Hating the people who hurt us will not right any wrongs. 

So  instead  -  We  should  spend  our  time  trying  to  forgive  those  who  have  wronged  us  rather than 
prolonging the pain. 

This  is  why  I  forgive  Wint  for  his  trespasses.  For  taking  my family away from me; for orphaning 
my  sister  and  me.  Hating  someone  is  exhausting,  it  drains  you  until  you  are  grasping  for 
something, anything to be angry about.  

Although  forgiving  will  never  change  what  has  happened–  it  makes  me feel a bit less empty; it is 
a  step  towards  recovery  –  a  step  towards  accepting  that  we  really  don’t  have  control  and 
knowing  that  that  is  okay.  I  know  my  parents  and  brother  would  be okay with me forgiving what 
is often perceived as unforgivable – as long as I wasn’t forgetting them.  

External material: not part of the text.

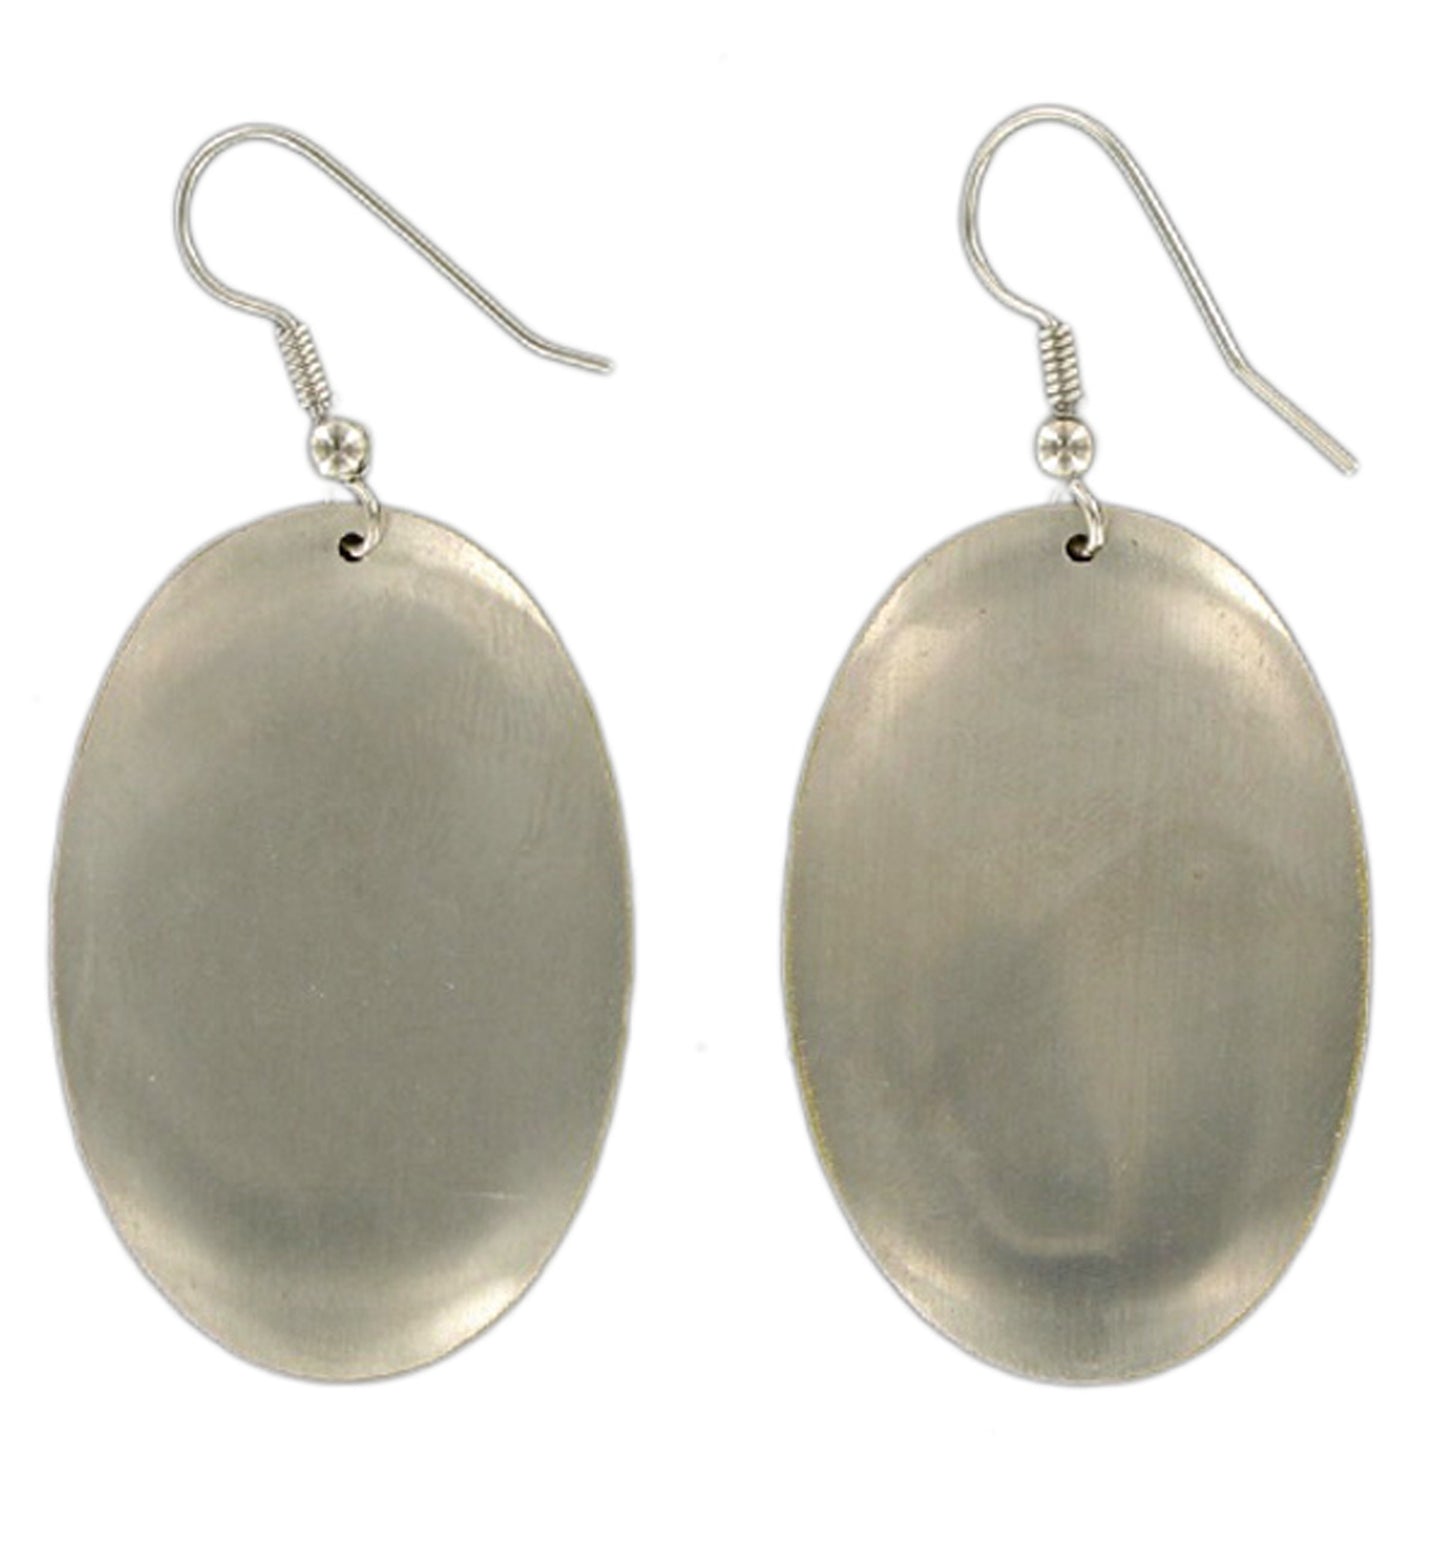 Oval Silver Copper Tone Dangle Pierced Earrings 1.5"

No  matter  how  much  someone  has  wronged  you,  no  matter  how  small  you  feel,  you  have  the 
power  to  forgive.  ​It’s  a  solo mission that requires work every day. Forgiveness is a choice, it’s a 
process  –  sometimes  it’s  the  only  thing  you have control over. The choice is yours. What will you 
do? 

…  
 
To Daron Wint:​ Although I cannot be at the sentencing, I want to know that I forgive you. I understand 
that many will disagree with me -- even family members. However, in my heart, I believe it is what my 
parents and especially what little Philip would have wanted. I truly hope you find peace and can have 
access to the services you need to heal.